С некоторых пор один и тот же тип приходил по вечерам в бар, где ты работала, пил пиво, не сводя с тебя глаз, ты смеялась, говорила, что он пугает тебя, что тебе от него не по себе, что он словно зверь, выжидающий добычу и неизвестно когда намеревающийся выпустить свои когти. Кто он такой? Он не стареет, время на нем никак не сказывается, в старости похож на младенца – гладкое лицо, крепкое, сбитое тело. Сперва он являлся одетый в форму путевого обходчика, потом вроде бы вышел на пенсию – вот уж никак не подумаешь – и стал ходить в серой рубахе, такой же куртке и коротких серых брюках. Это он привел на кладбище блондинку, он кричал: «Элла! Элла!» Это он убил блондинку, а не сторож. Чтоб мне провалиться!
Помню, когда я увидел его в «Горловине», он никого вокруг не замечал, только Эллу, следовал за ней по пятам, даже до ее больничной палаты, и ждал за дверью.
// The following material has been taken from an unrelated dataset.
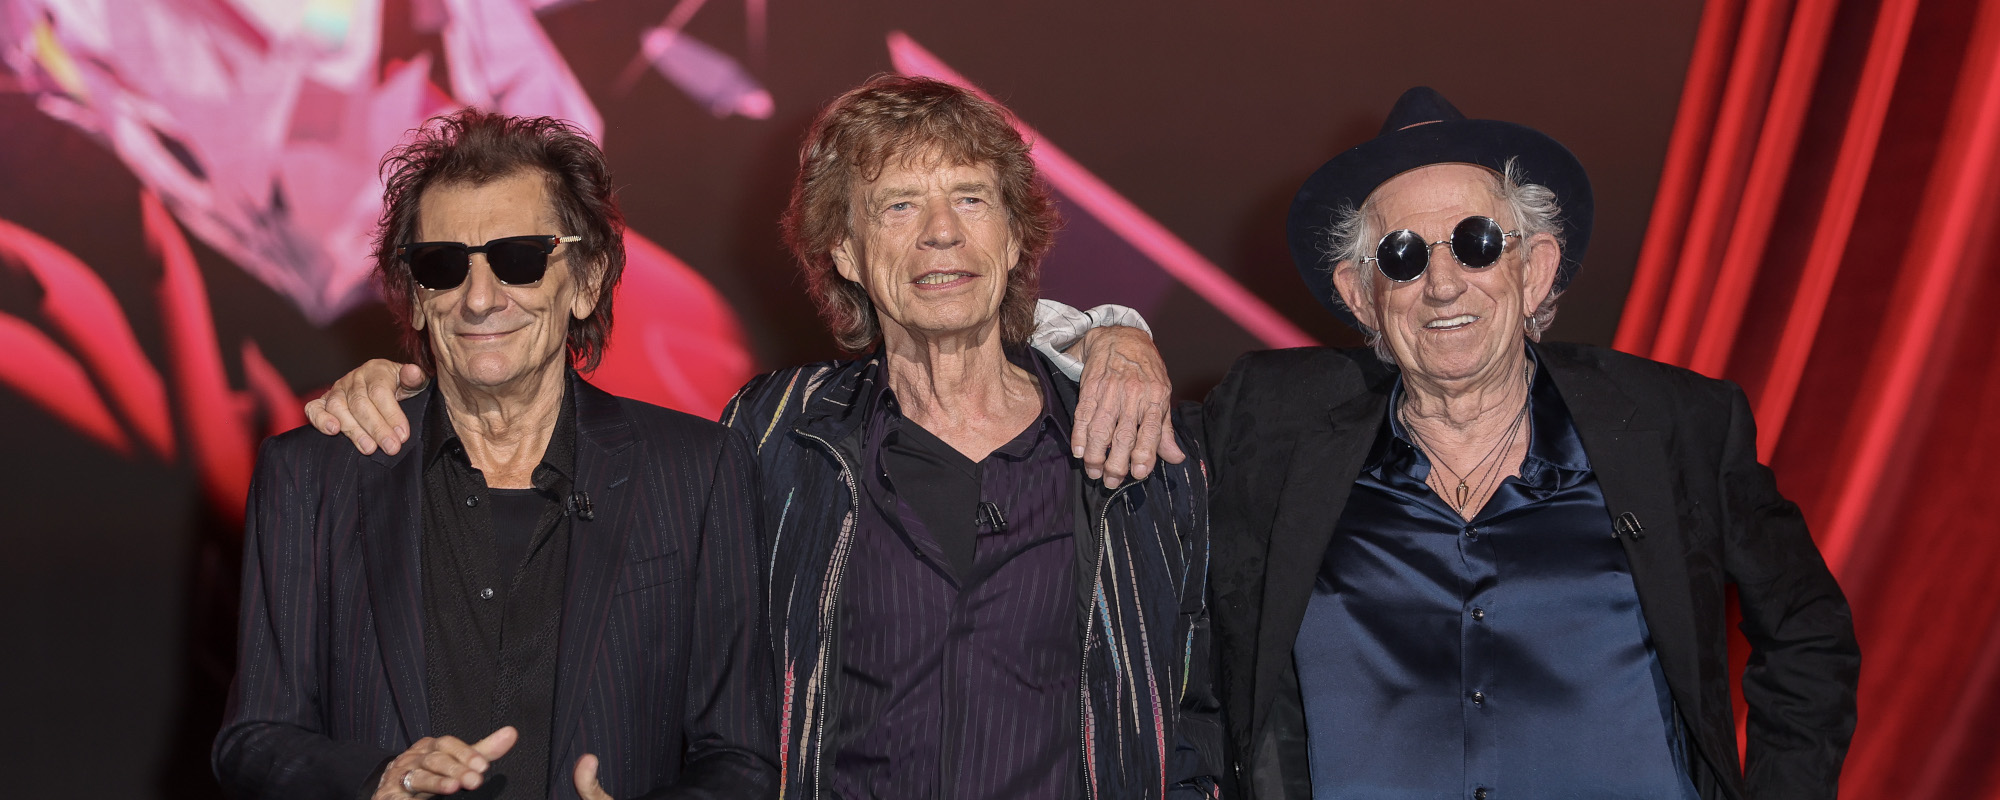 5 Things to Know About the Rolling Stones

– Вы боитесь? – спрашивали ее.
– Да нет. Он вовсе не страшный, он словно зверь, с которым нужно быть начеку.
Он бродил за ней по Монтрё, ждал в больничном коридоре, глядя на нее через стеклянную дверь: палата была общая, и он не решался входить. На похоронах он был тоже, я его видел, он ни с кем не говорил, раньше всех ушел. Я видел, как шевелились его губы: «Элла, Элла». Потом он шептал ее имя на верхнем кладбище. Он не стареет: на лице нет морщин, голова лысая, розовая, глаза большие, голубые, немигающие, толстые губы блестят.
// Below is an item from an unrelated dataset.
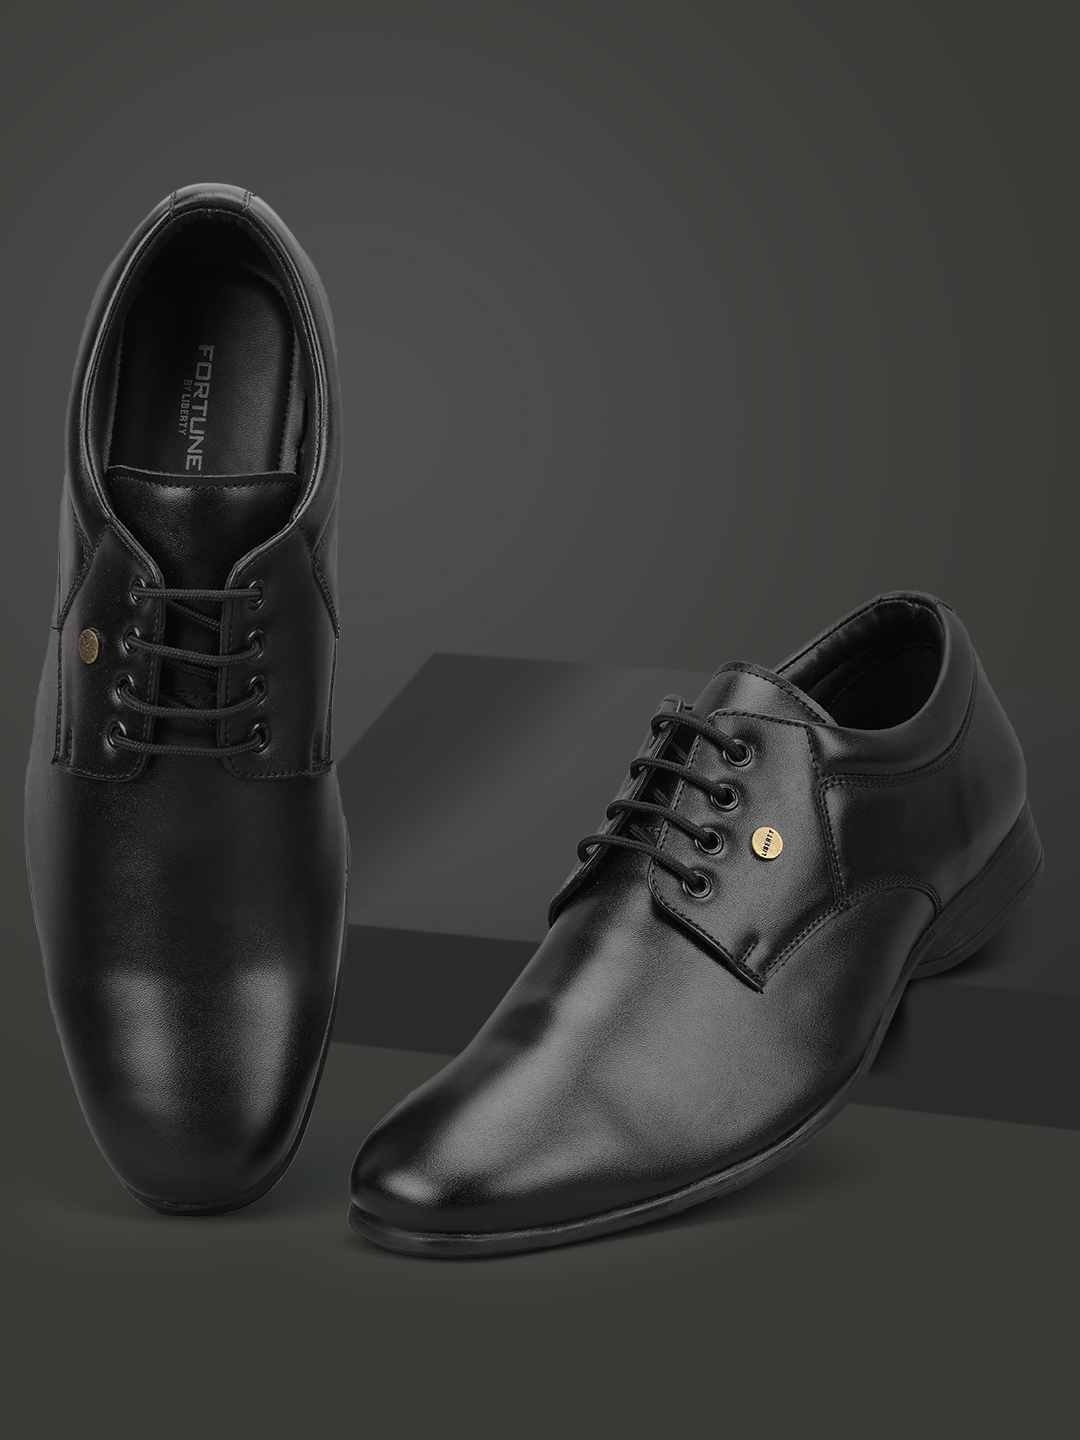 Liberty | Fortune by Liberty ROBERT-2 Black Formal Shoes for Men

В «Горловине» к нему относились недоверчиво, предупредили полицию. «Он не сделал мне ничего плохого», – уверяла Элла. «Не важно, он в любую минуту может что-нибудь выкинуть». Когда ее не стало, никто не видел его несколько месяцев, как вдруг на тебе – он снова объявился, да не один, а с толстыми девахами в обнимку, все как на подбор блондинки, и стал водить их на старое кладбище. Чего только не оставляют после себя люди на могилах! Сторож не обязан это все убирать!
В те времена Восточный экспресс останавливался в Террите, на вокзале был буфет с люстрами из позолоченной латуни, сновали носильщики, отели Монтрё «Эксельсиор» и «Палас» высылали за приезжими фиакры, альпинисты бронировали номера в горных отелях – оттуда голубое озеро видно увеличенным, словно сквозь лупу.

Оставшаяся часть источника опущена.